• HOW TO COMPLETE THIS TASK
Your copy should contain exactly the lines from the one that holds "LINE Payボーナス、QUICPay+とLINE Payカードでの支払いに対応へ" through the end of the material, reproduced as written, with no pictures.

• DATA SHOWN
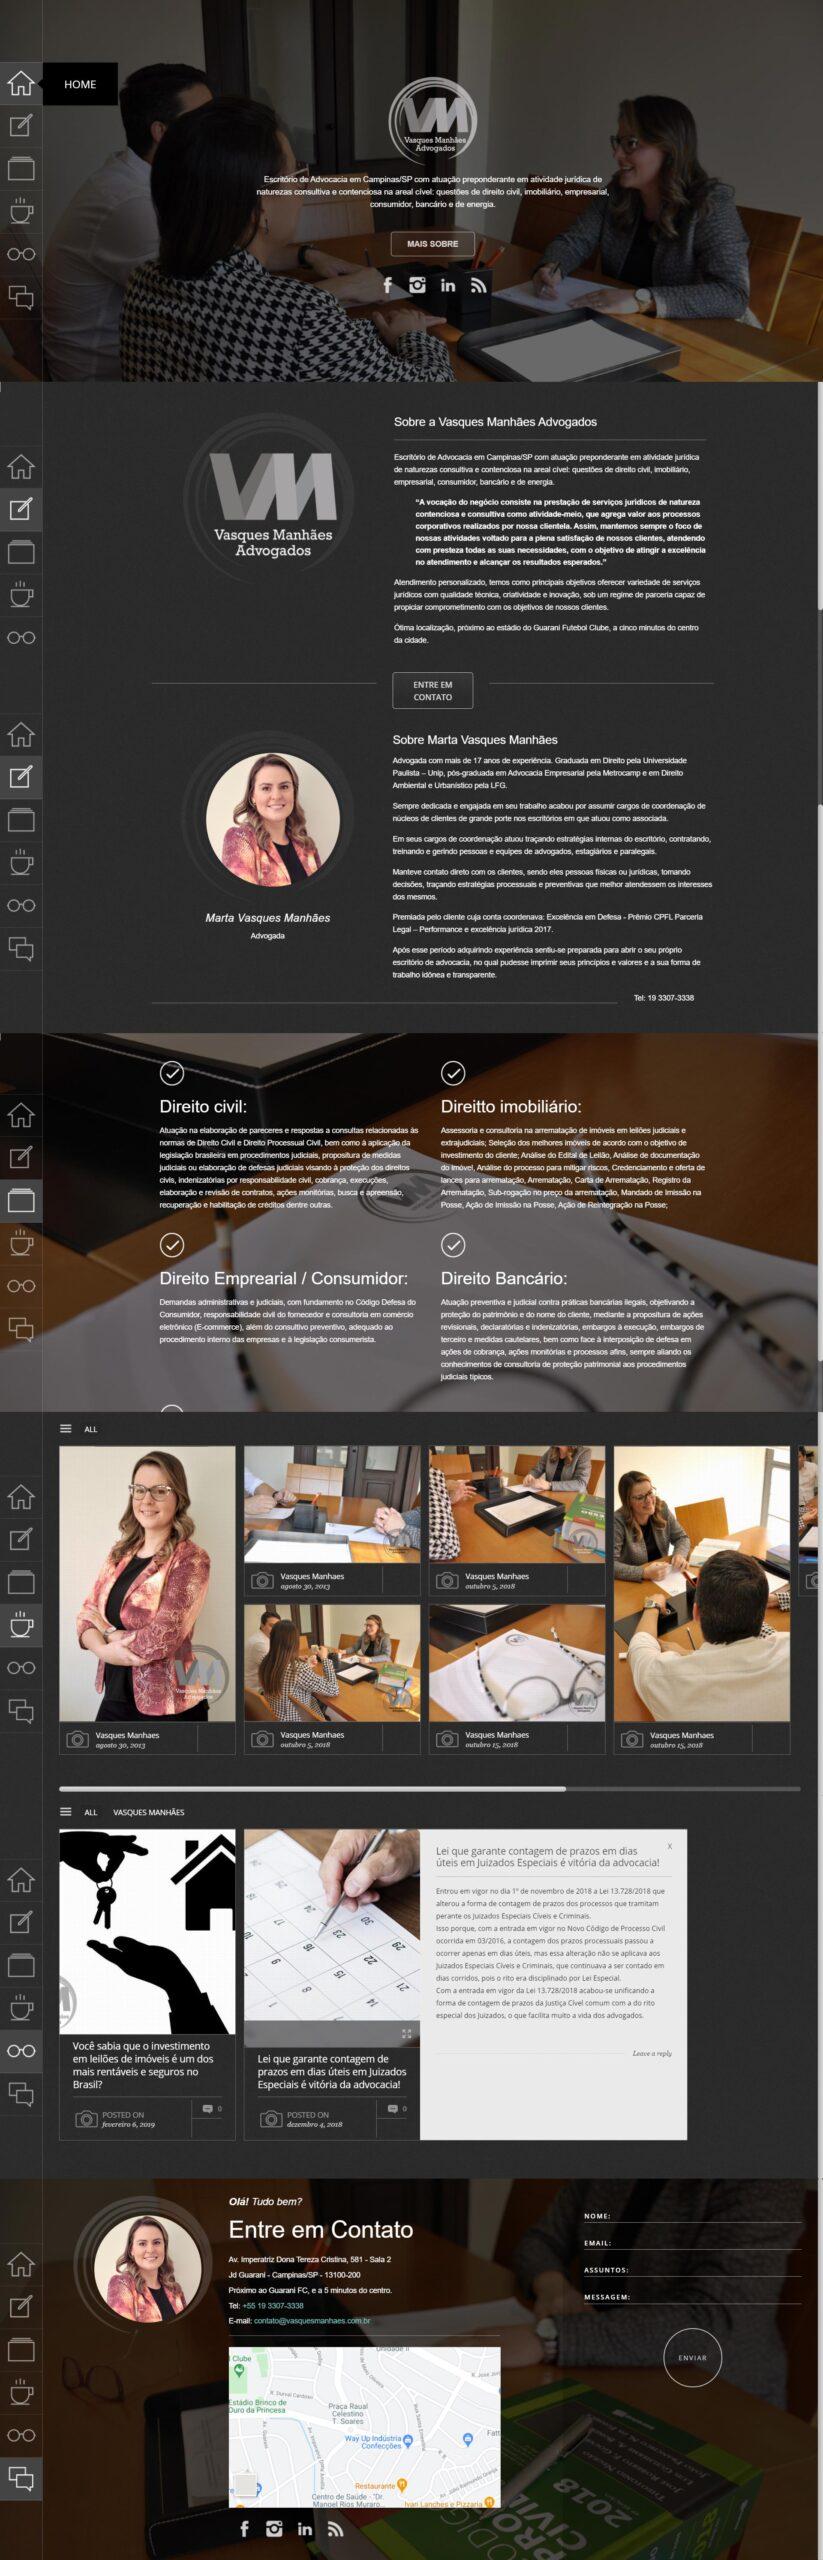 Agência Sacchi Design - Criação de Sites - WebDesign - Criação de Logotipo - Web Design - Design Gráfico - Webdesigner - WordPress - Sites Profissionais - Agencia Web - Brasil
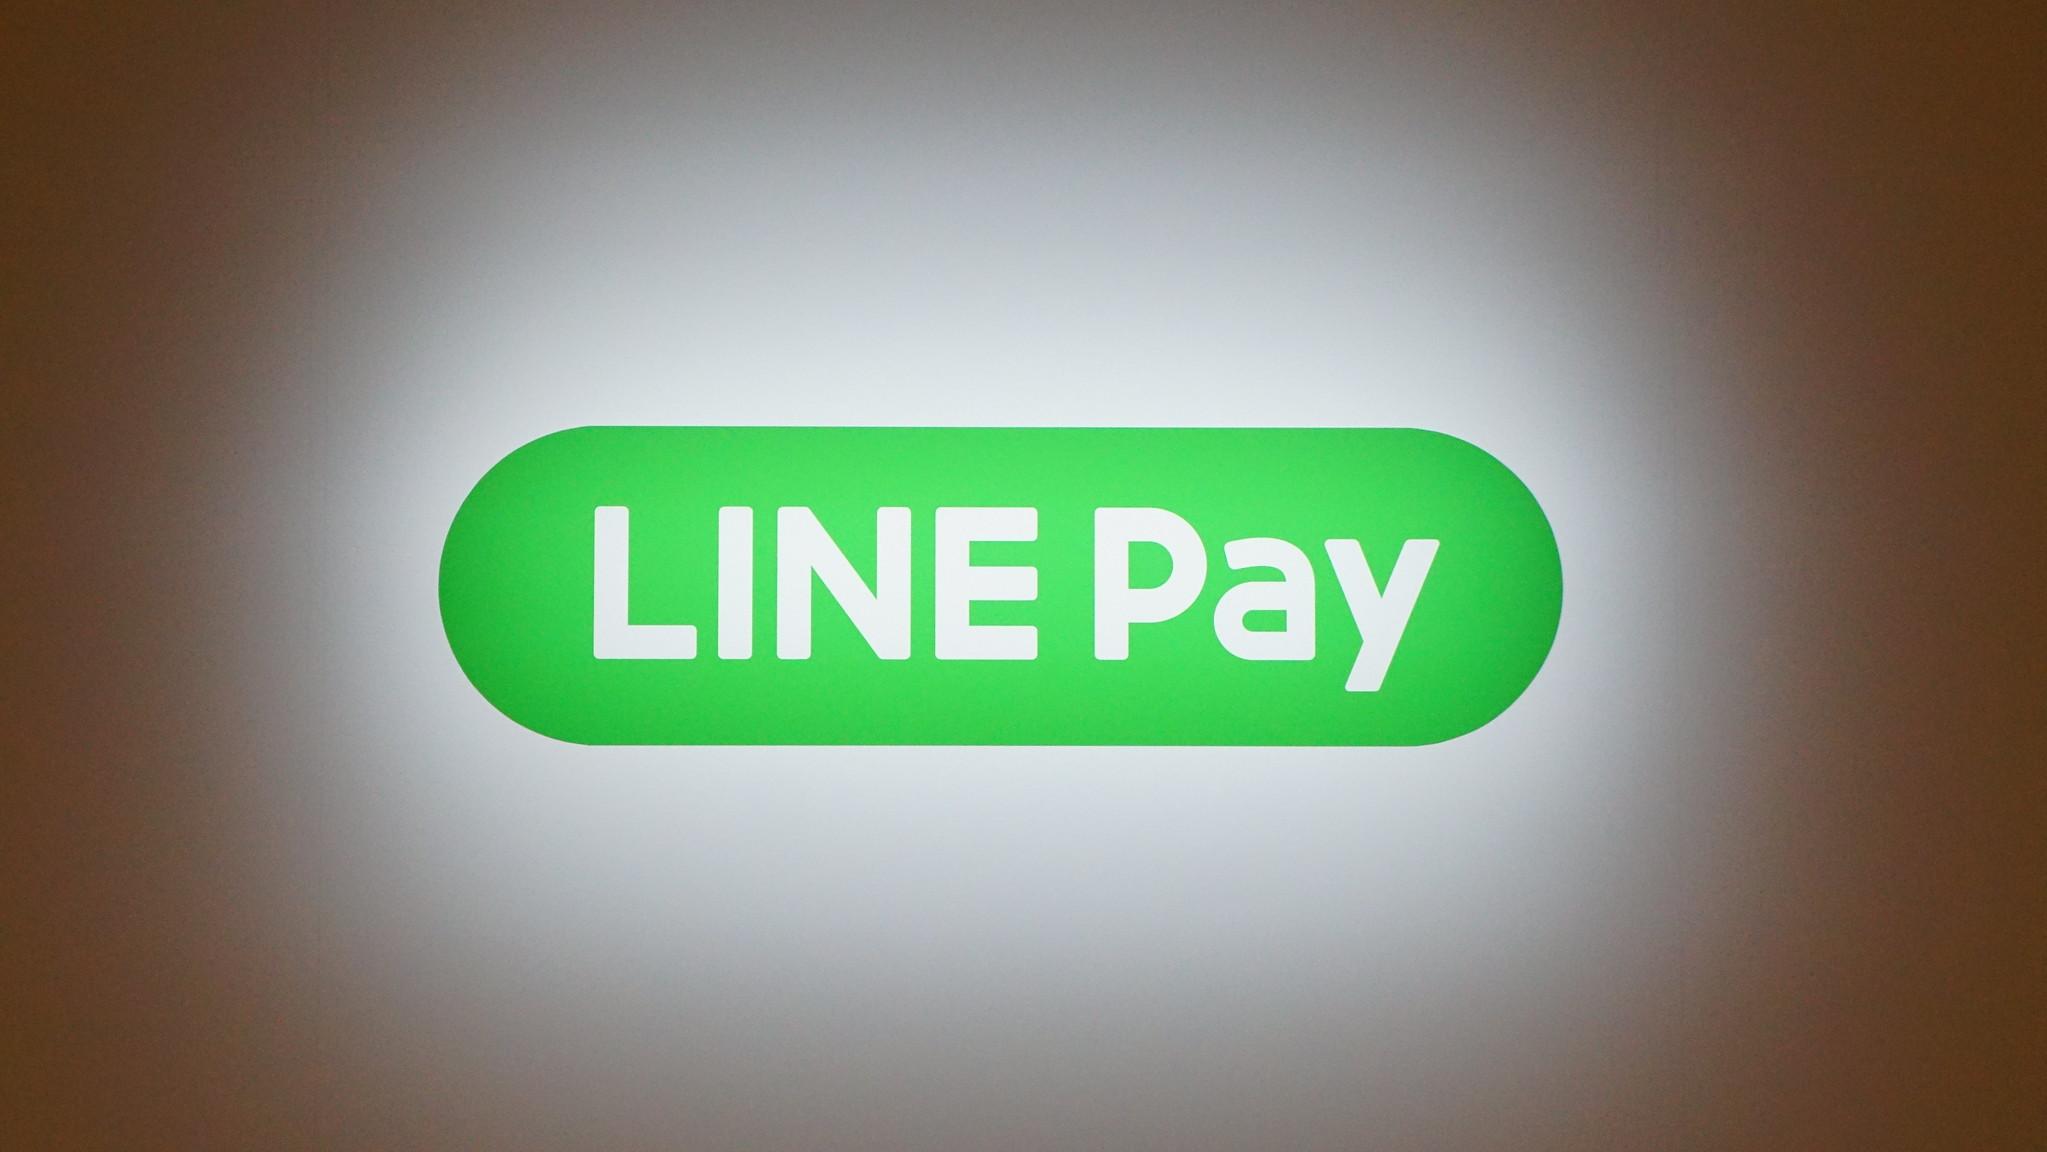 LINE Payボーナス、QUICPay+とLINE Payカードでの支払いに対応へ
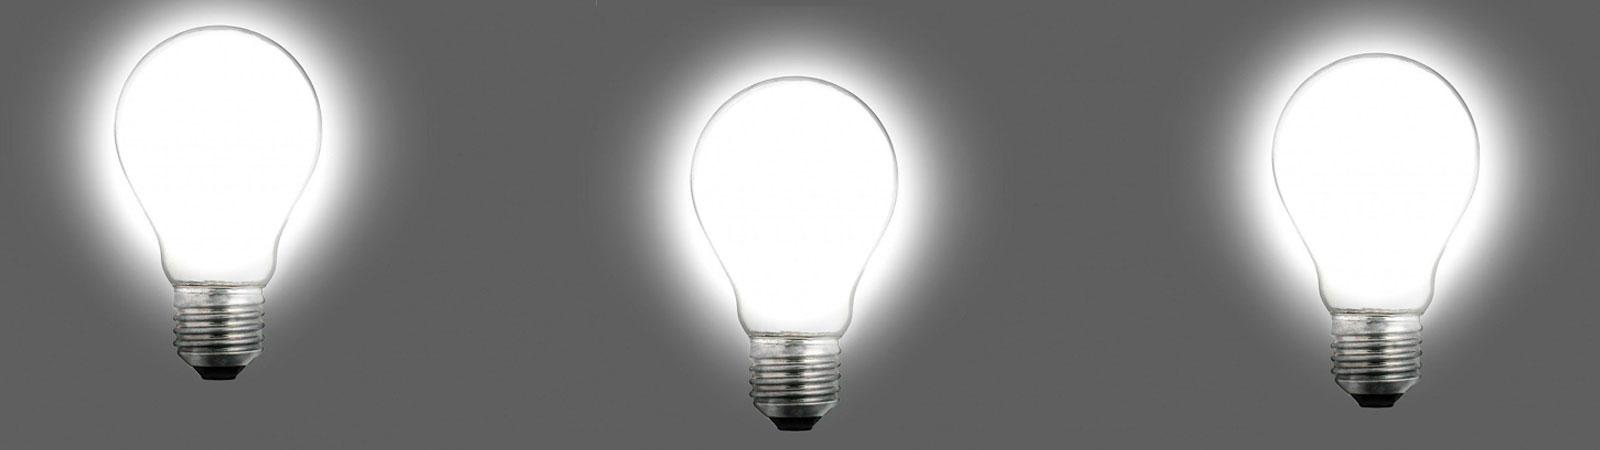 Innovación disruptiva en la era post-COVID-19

• FINAL ANSWER
 LINE Payボーナス、QUICPay+とLINE Payカードでの支払いに対応へ
 Innovación disruptiva en la era post-COVID-19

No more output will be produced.